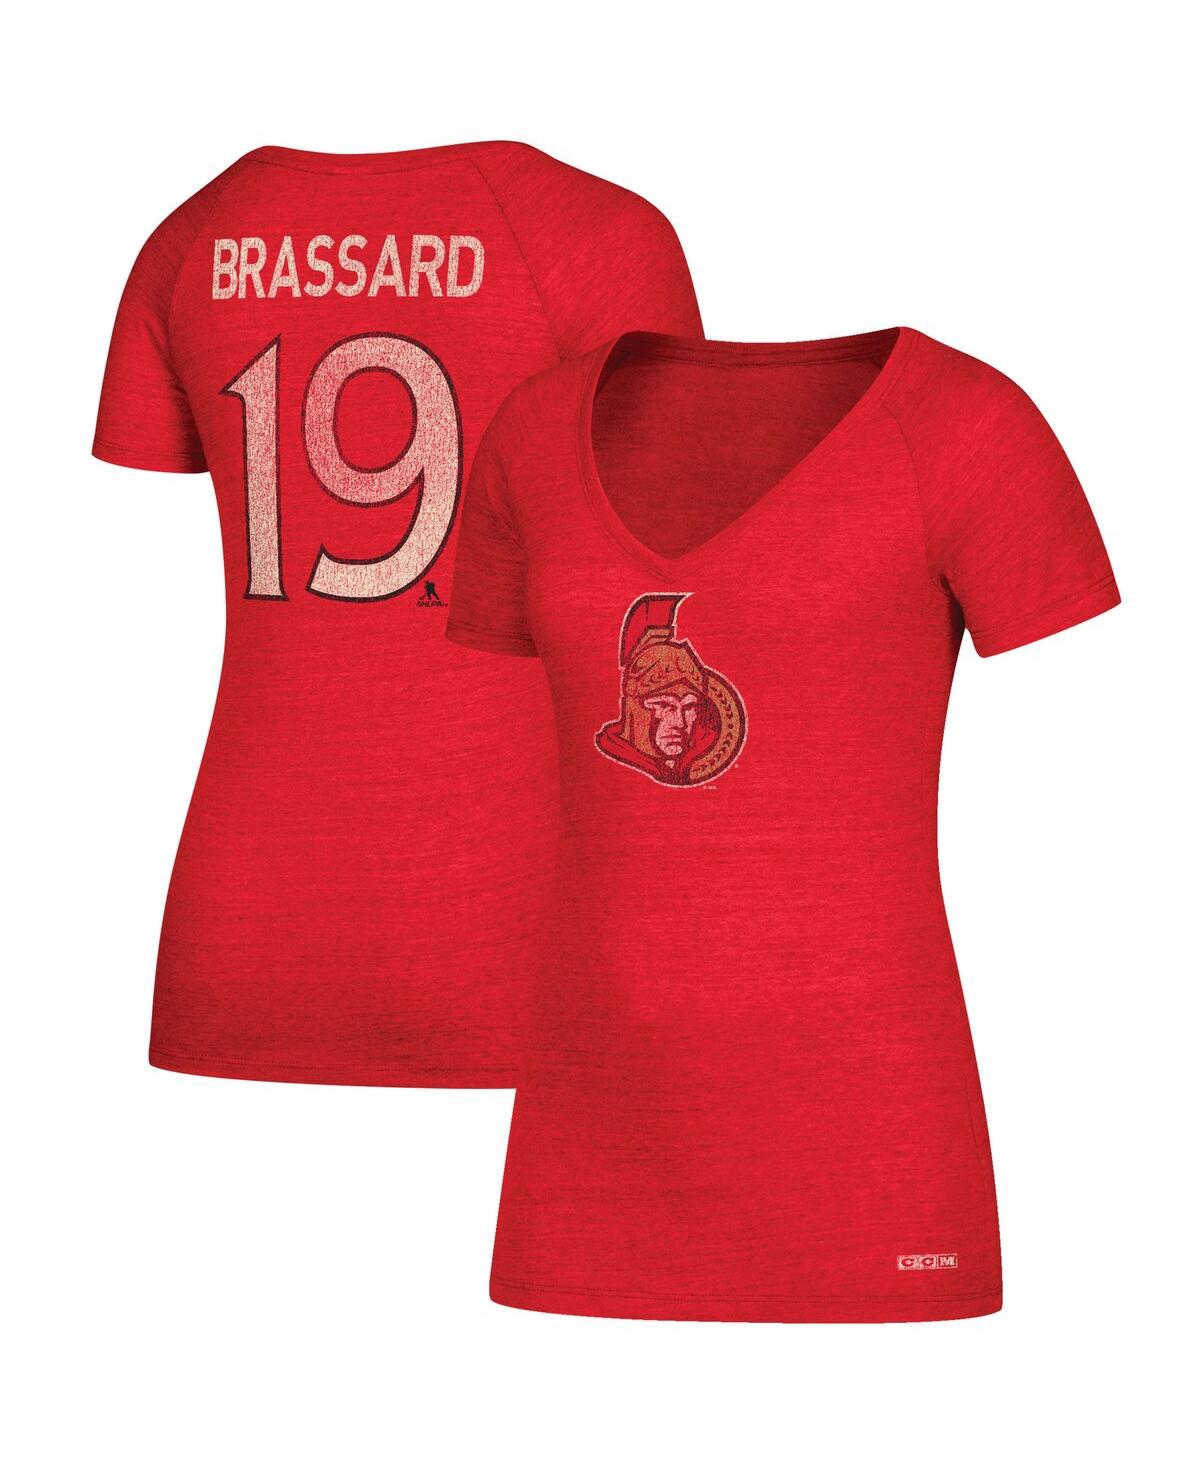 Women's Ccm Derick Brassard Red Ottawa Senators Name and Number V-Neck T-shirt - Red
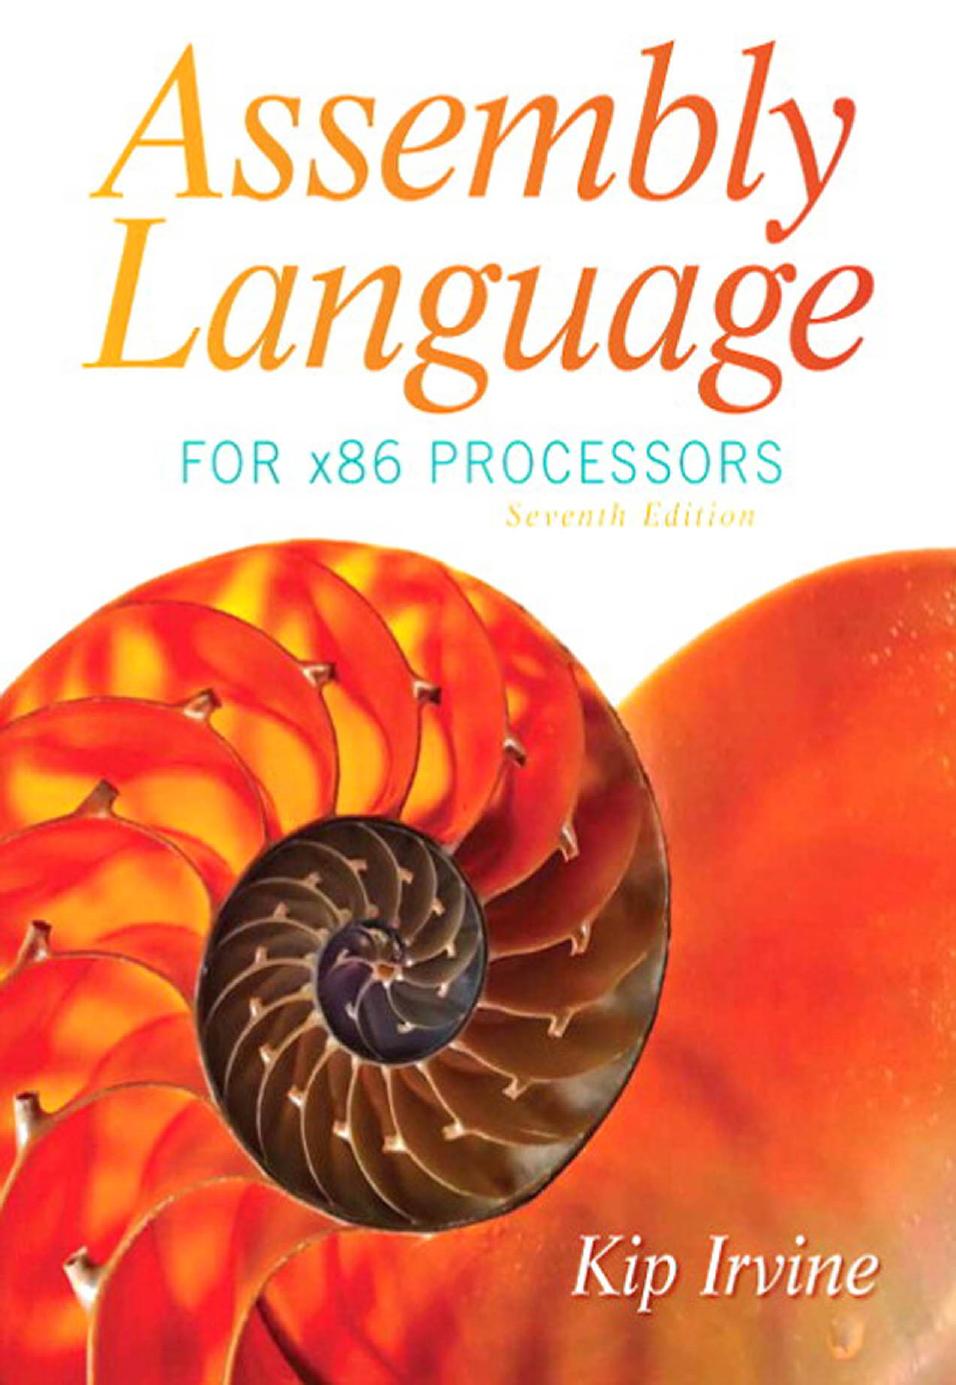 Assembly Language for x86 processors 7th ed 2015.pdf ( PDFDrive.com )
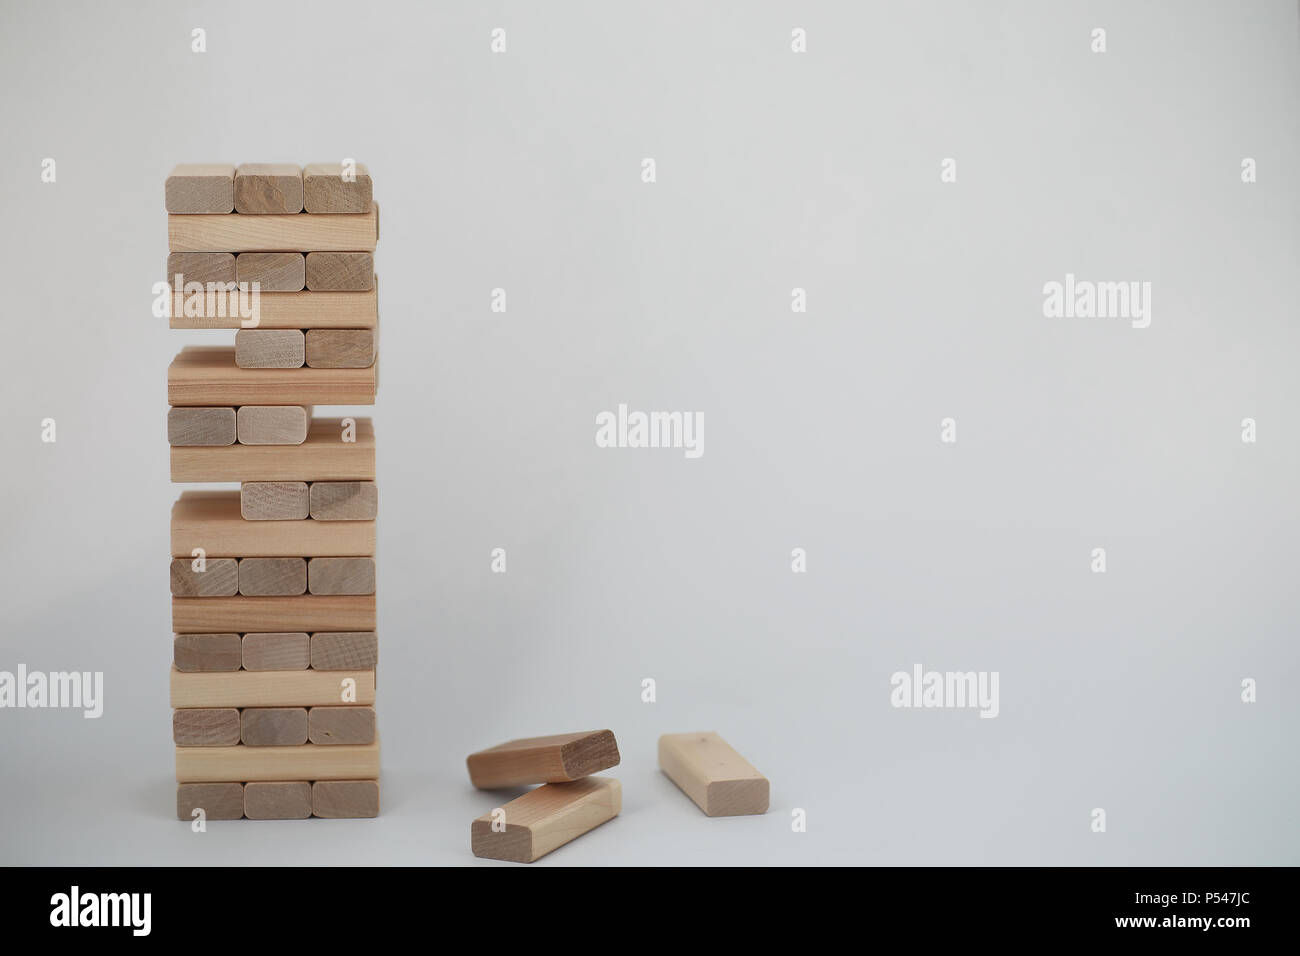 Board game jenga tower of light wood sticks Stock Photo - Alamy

- WORK ORDER: Take the line with "Assembly Language for" and each line after it through the end of the material above, and reproduce them exactly, without the pictures.

- RESULT BELOW:
 Assembly Language for x86 processors 7th ed 2015.pdf ( PDFDrive.com )
 Board game jenga tower of light wood sticks Stock Photo - Alamy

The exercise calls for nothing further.